When it comes to matters of disclosure, it is better to be proactive than reactive, at least as far as the Securities and Exchange Commission is concerned.
During the CFOs & COOs event run by our real estate-focused sister publication PERE in New York last week, Ryan Hinson, an attorney in the SEC’s Los Angeles office, stressed the importance of informing investors of current and potential conflicts of interest, spelling out policies on fees and valuations and properly managing service providers.
Hinson joined his former colleague Marshall Sprung, now a managing director and head of global compliance at Blackstone, in parsing the most pressing regulatory issues of the day. Hinson was peppered with questions from Sprung and the audience about the agency’s enforcement priorities and he also discussed the challenges relating to its long-discussed effort to standardize its marketing rules.
pfm’s sister title PERE has compiled a list of the top takeaways from the conversation.
1. Be explicit about fees: Some managers are happy to provide a list of services they could charge investors for, should they so choose. However, the SEC does not look favorably on this practice. Instead, it would prefer that firms explicitly state what their fees cover and provide updates when that list changes.
2. Watch how salaries are expensed: A frowned-upon practice by real estate fund managers is expensing salaries for “on-site” employees that should be classified as off-site. On-site should refer to maintenance staff, security personnel and others in charge of day-to-day operations of a building. Service providers such as lawyers and accountants should not be treated differently. Apply common sense when differentiating between employee types.
3. Consider high turnover a red flag: A sure-fire way to attract unwanted attention is a high rate of turnover at key positions such as chief compliance officer and auditor. A frequent changing of the guard raises concerns that people in oversight positions are being asked – or potentially pressured – into signing off on unscrupulous bookkeeping; it is likely to trigger an examination.
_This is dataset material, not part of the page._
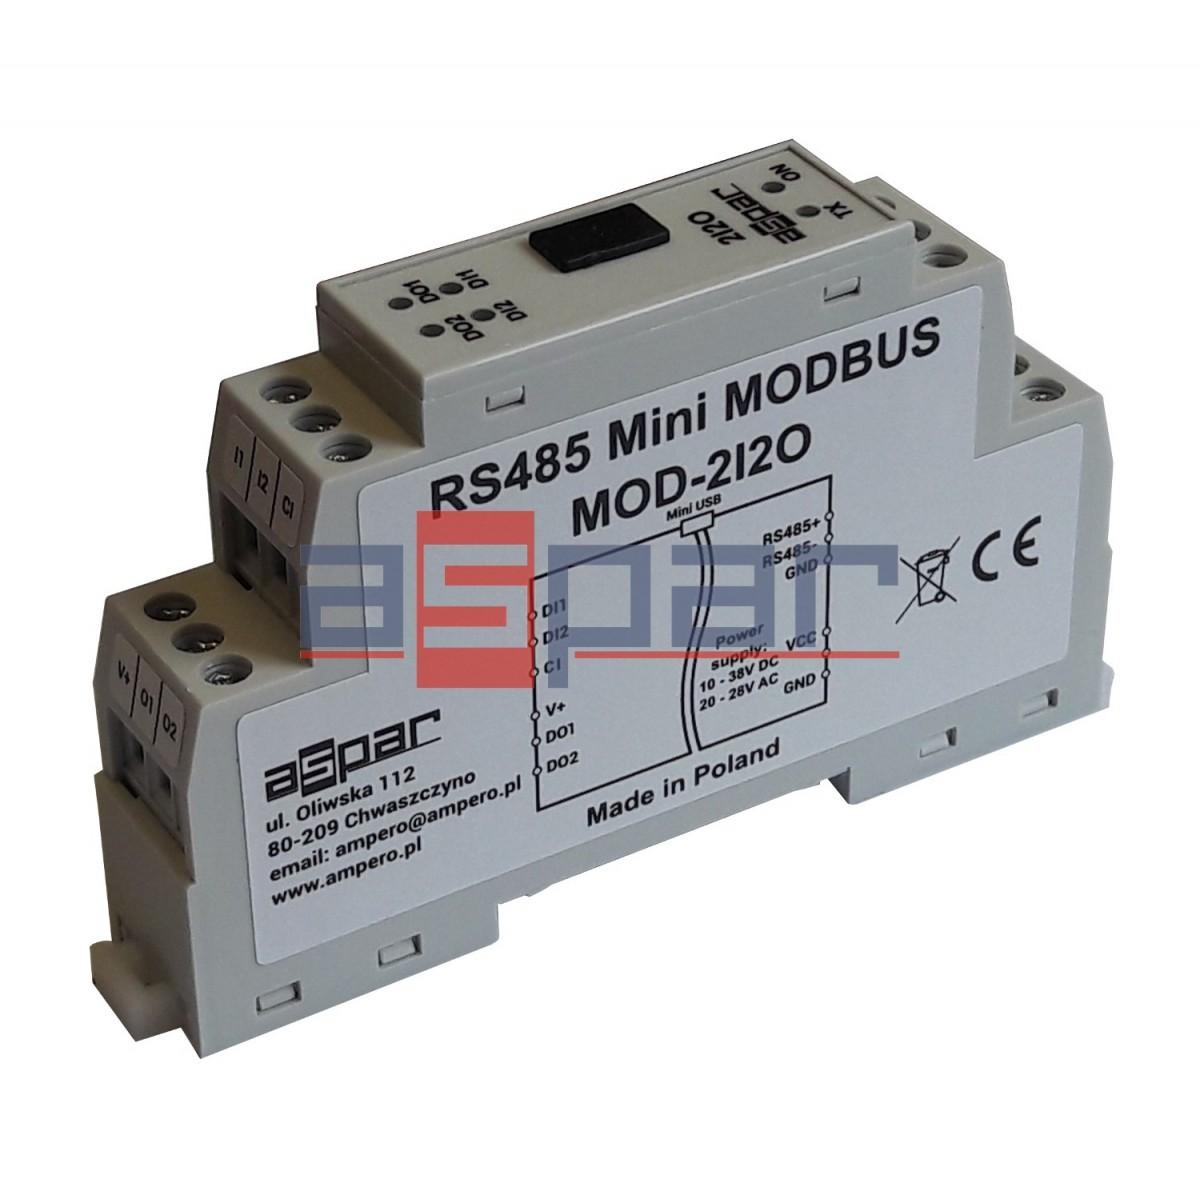 2 digital inputs, 2 digital outputs MOD-2I2O
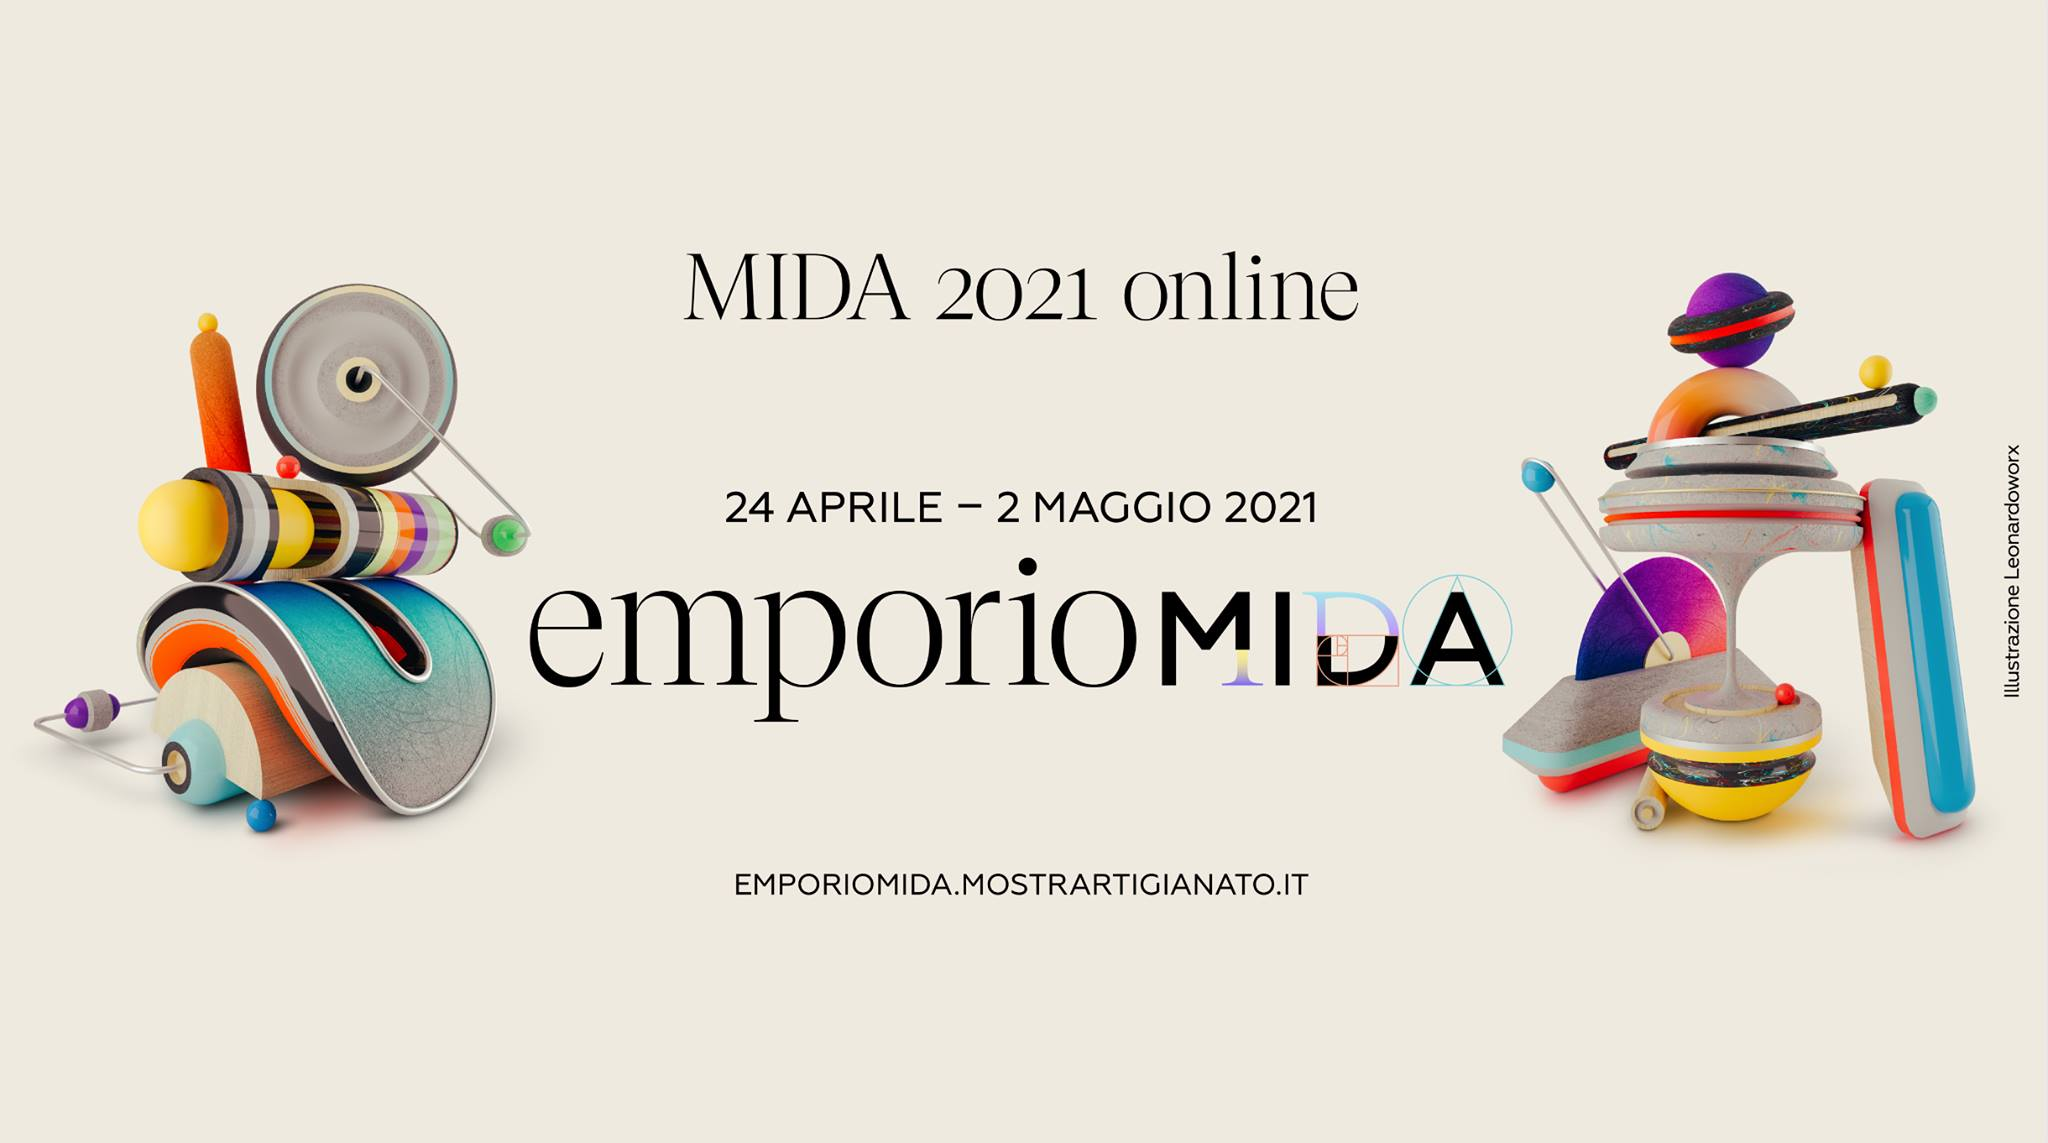 Emporio MIDA 2021

4. Follow best practices for valuation: The SEC is looking for three things when it comes to valuation: are managers following their disclosed investment guidelines? Are those guidelines reasonable? And are the managers sticking to prescribed schedules? The goal is to ensure that exiting investors do not unduly gain or lose relative to those that remain in the fund.
5. Beware of what goes into marketing: Performance reporting remains the focal point for the SEC on matters of marketing. The accuracy of performance reporting ultimately depends on valuation practices, so managers would be wise to clearly define their valuation policies and adequately address agency concerns before sharing figures with prospective investors.
6. Structure JV partnerships with caution: Disclosure is paramount when it comes to joint ventures. The SEC expects managers to disclose any pre-existing relationship with a joint venture partner that could potentially lead to a conflict. Regulators are also watching subscription lines of credit in these arrangements to make sure JV partners are not getting overly preferential treatment.
7. Always document supplemental disclosures: Sometimes conflicts arise, or fund policies change after a limited partner agreement is signed. In these situations, managers are encouraged to distribute supplemental disclosures. Managers should document these follow-up correspondences in case an SEC examination occurs. The agency in unlikely to take firms at their word alone.
8. Back up claims about affiliated service providers: Many managers make use of affiliated service providers and the SEC has no problem with this practice in theory. However, those that promote these arrangements as being done “at or below market rate” should make great efforts to authenticate that assertion. The SEC has tested some of those claims and found the opposite to be true: service providers were charging their affiliated managers more than they were charging other, non-affiliated managers.
9. Make better use of LPACs: Many issues that arise between managers and investors – such as conflicts of interest and other disclosures – could be mitigated in short order by limited partner action committees. However, many managers do not turn to LPACs and instead try to address their limited partners individually. While this is not a problem for the SEC, it does prove to be a rather inefficient practice for the manager.